Kindly provide the solution! Also, please explain how to find the direction ratios when the foot of the perpendicular lies on a line?

The given equation of the plane is $x-\frac{6}{3}=y-\frac{7}{2}=z-\left(\frac{7}{-2}\right)$
This equation can be rewritten as;
$$\begin{gathered} x-2=y-\frac{7}{2}=z+\frac{7}{2} \\ \Rightarrow x-2=y-\frac{7}{2}-\frac{7}{2}-z=0 \\ \Rightarrow x-2=y-z-7 \\ \Rightarrow x-y+z+5=0 \end{gathered}$$
Let $Q\left(a,b,c\right)$ be the point of the foot of the perpendicular drawn from the point $P\left(1,2,3\right)$
Since $Q\left(a,b,c\right)$ lies on the plane $x-y+z+5=0$ we get;
$a-b+c+5=0$..........(i)
The direction ratios of the normal to the given plane is 1, -1, 1.

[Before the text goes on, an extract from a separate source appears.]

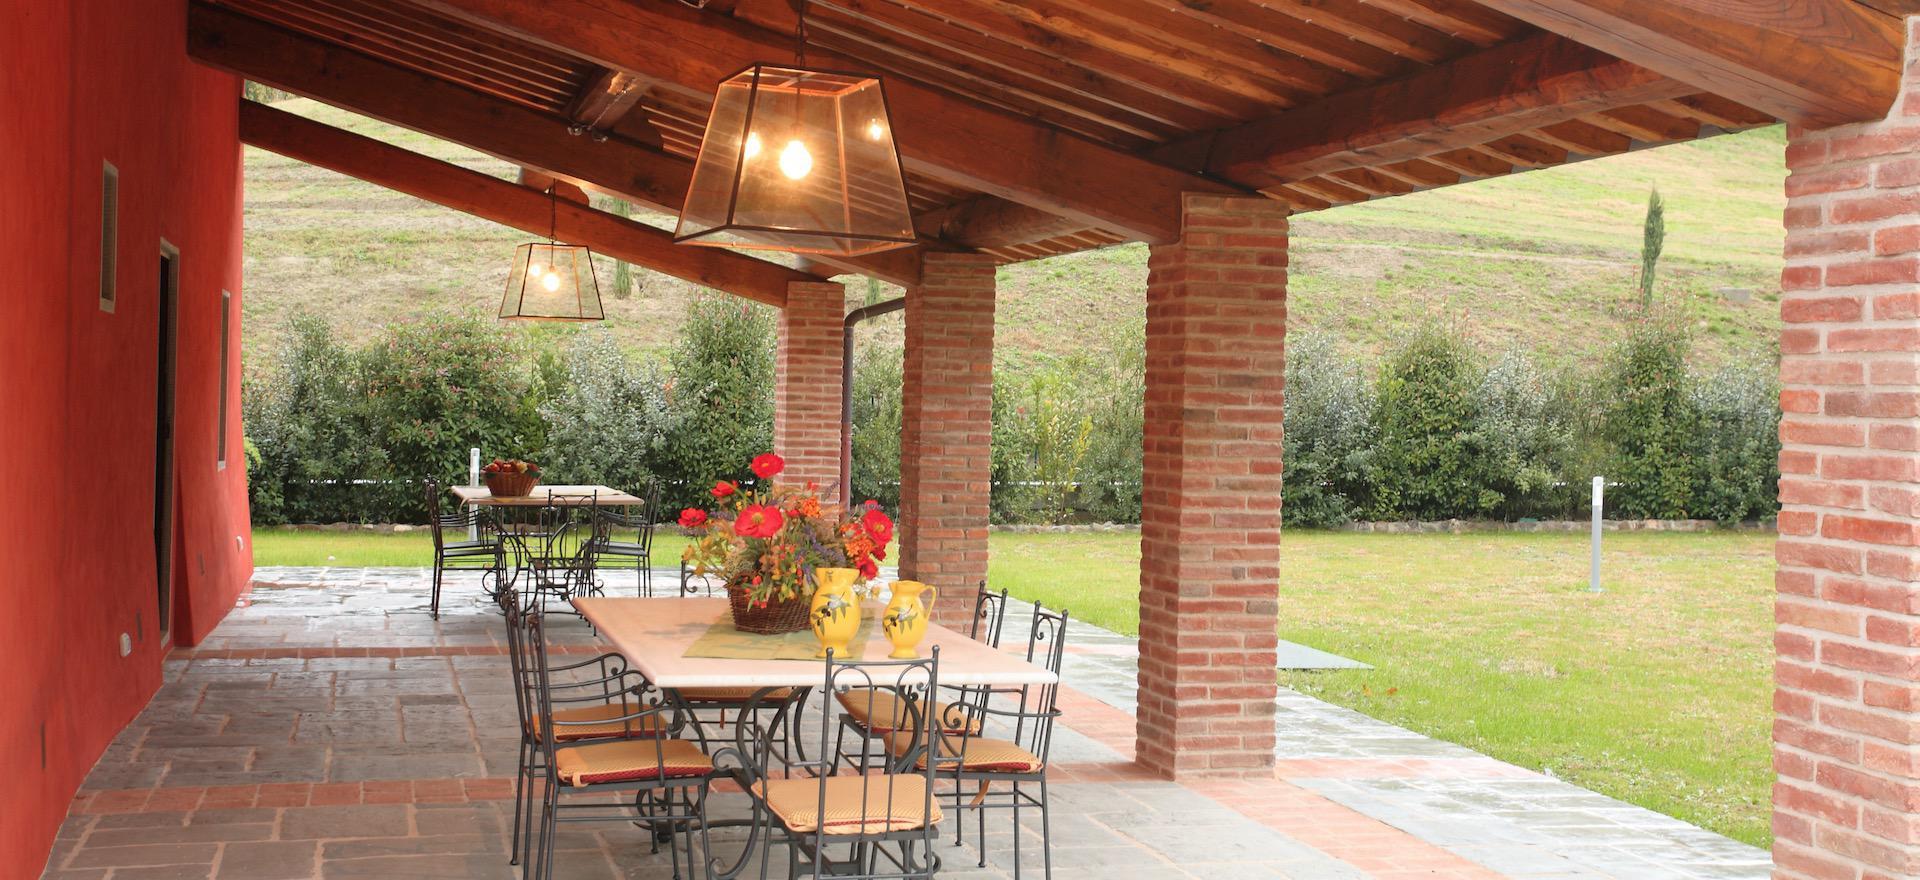 Agriturismo Toscane Agriturismo op prachtig landgoed nabij Florence

The direction ratios of PQ is $\left(a-1\right),\left(b-2\right),\left(c-3\right)$.

Since, PQ is normal to the given plane , we have
$\frac{a-1}{1}=\frac{b-2}{-1}=\frac{c-3}{1}=k$ (say)

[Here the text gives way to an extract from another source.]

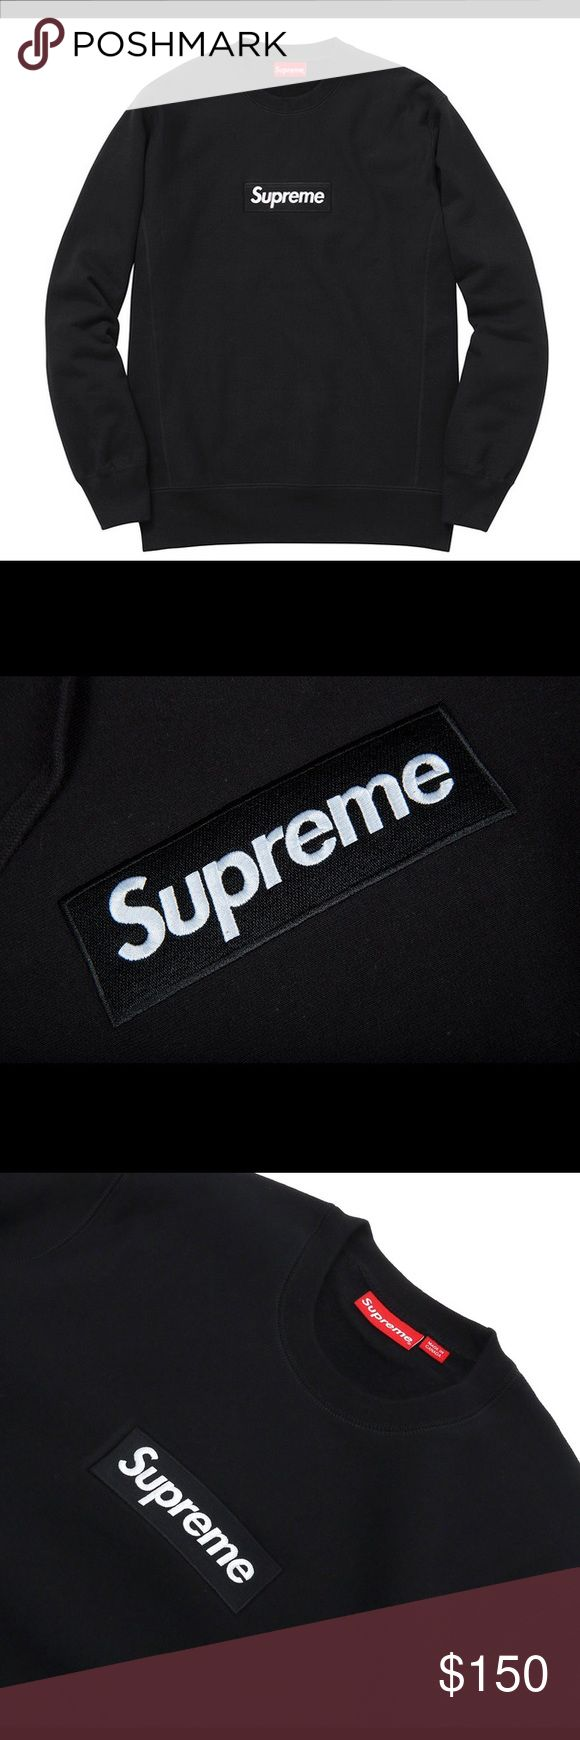 Black Supreme Box Logo Crewneck Size Medium. Perfect for upcoming winter. Supreme Sweaters Crewneck

$$\begin{gathered} a-1=k, b-2=-k, c-3=k \\ \Rightarrow a=\left(k+1\right); b=\left(2-k\right); c=\left(k+3\right) \end{gathered}$$
Thus from (i) we have;
$$\begin{gathered} k+1-\left(2-k\right)+\left(k+3\right)+5=0 \\ \Rightarrow k+1-2+k+k+3+5=0 \\ \Rightarrow 3k+7=0 \\ \Rightarrow k=-\frac{7}{3} \end{gathered}$$
$$\begin{gathered} a=k+1=-\frac{7}{3}+1=-\frac{4}{3} \\ b=2-k=2+\frac{7}{3}=\frac{13}{3} \\ c=k+3=-\frac{7}{3}+3=\frac{2}{3} \end{gathered}$$
So the coordinates of the foot of the perpendicular are $\left(\frac{-4}{3},\frac{13}{3},\frac{2}{3}\right)$.
Equation of the plane passes through $\left(1,2,3\right)$ is;
$$\begin{gathered} a\left(x-1\right)+b\left(y-2\right)+c\left(z-3\right)=0 \\ \Rightarrow \frac{-4}{3}\left(x-1\right)+\frac{13}{3}\left(y-2\right)+\frac{2}{3}\left(z-3\right)=0 \\ \Rightarrow \frac{-4x}{3}+\frac{4}{3}+\frac{13y}{3}-\frac{26}{3}+\frac{2z}{3}-2=0 \\ \Rightarrow -4x+4+13y-26+2z-6=0 \\ \Rightarrow 4x-13y-2z+28=0 \end{gathered}$$